I love the way the poem starts ‘So I took God with me to the sheep fair’. The ‘So’ suggests we’re joining the poem in the middle of a thought process or conversation; makes the taking of God to the sheep fair seem like the some kind of logical consequence of whatever has preceded (‘so’ as in ‘therefore’); and also adds a casual, personal note to the encounter with God. This is not a formal relationship but one where the speaker demands intimacy; seeks to be known. Like the ‘A’ in last week’s poem, that one tiny word ‘so’ does a lot.

The poet wants God to grasp what it is to be human—to be these humans, living this life, in this ‘shit-milky place of animals and birth and death’. The descriptions throughout are minimal but vivid—I particularly love the image of those here on business as ‘Those men… with their faces sealed’—and throughout the poet speaks and shows things to God in a way which seems both informal and urgent. There’s a sense of really wanting God to see it, feel it, get it all—from the shit and the fear, the splashing sun, ‘the force in that hand/ That’s twining her wool as he talks’ (a man no longer doing what he really loves because of ‘sound commercial reasons’), the scald of tea, the ‘sickness’, the drifting in the river… it’s a long, full day of being and feeling really alive. Not all of it is good (‘This is pain… there’ll be more’) but all of it is real.

In the final lines, after this day so vividly felt and precisely evoked, the poet shows God ‘how it feels to let the light coil of yourself/ dissolve and grow age-old’. I find the sense of dissolving, relinquishment, extremely moving: this has all been special, and yet none of it is special.
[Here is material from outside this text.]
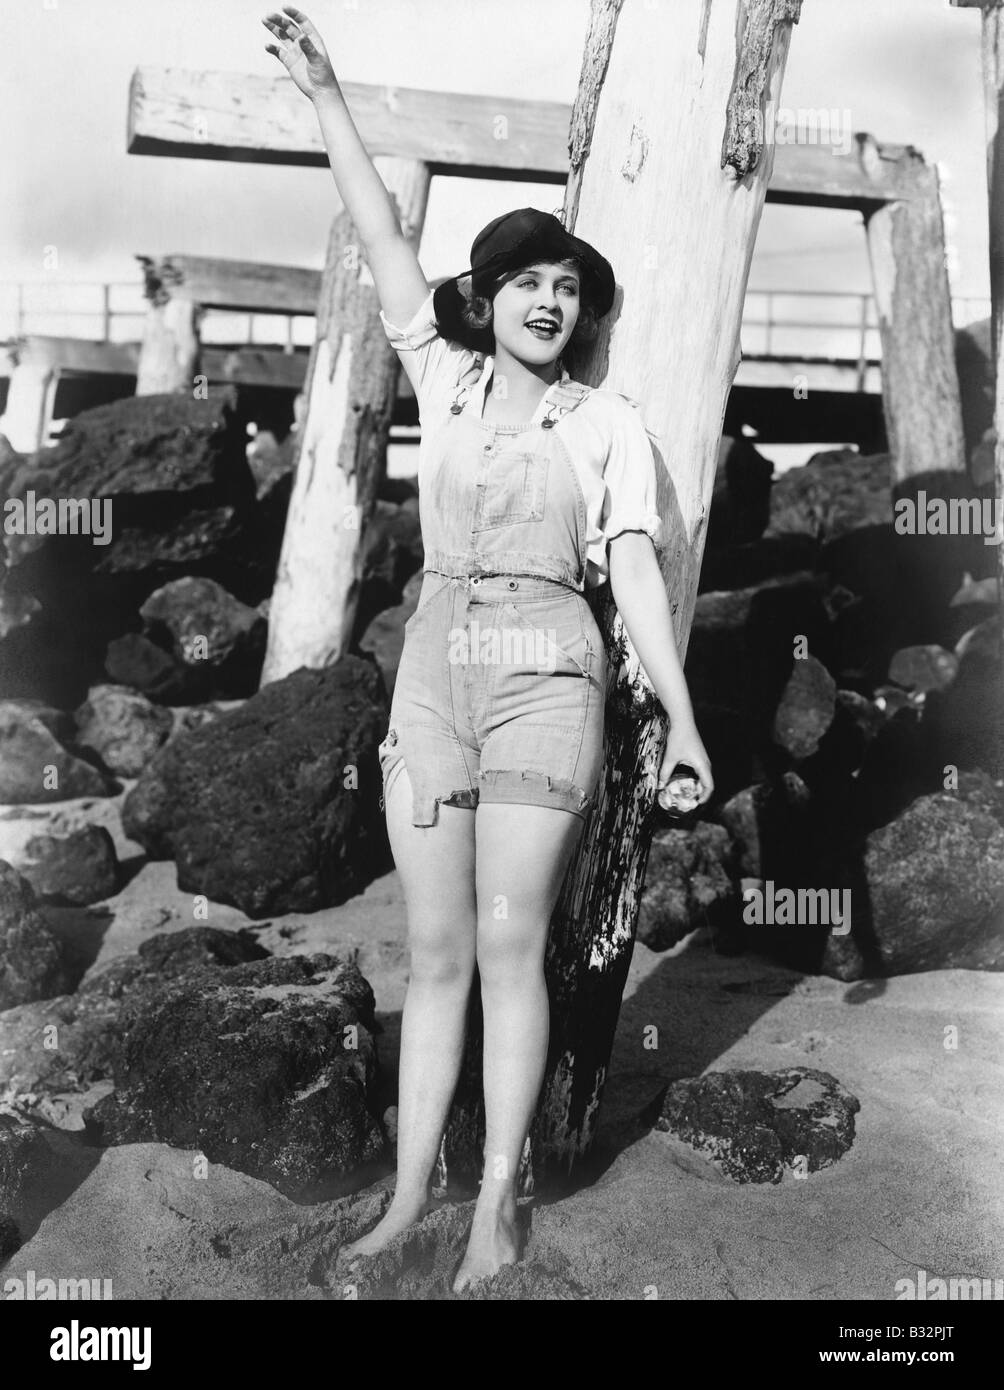 Woman with pilings at beach Stock Photo

The speaker is at once herself—the woman who’s friends with Liv and Fintan, goes to the Sheep Fair, feels ‘the sickness [rise and]… the muscles burn’ and swims the ‘green slide’ of river—and also ‘nameless’, simply ‘a woman sweeping a floor, darkness growing’. Alive and then dead, light and dark, particular and universal, mattering totally and not mattering at all: the poem manages to hold these contradictions in beautiful juxtaposition—showing it all to God; and, of course, to us.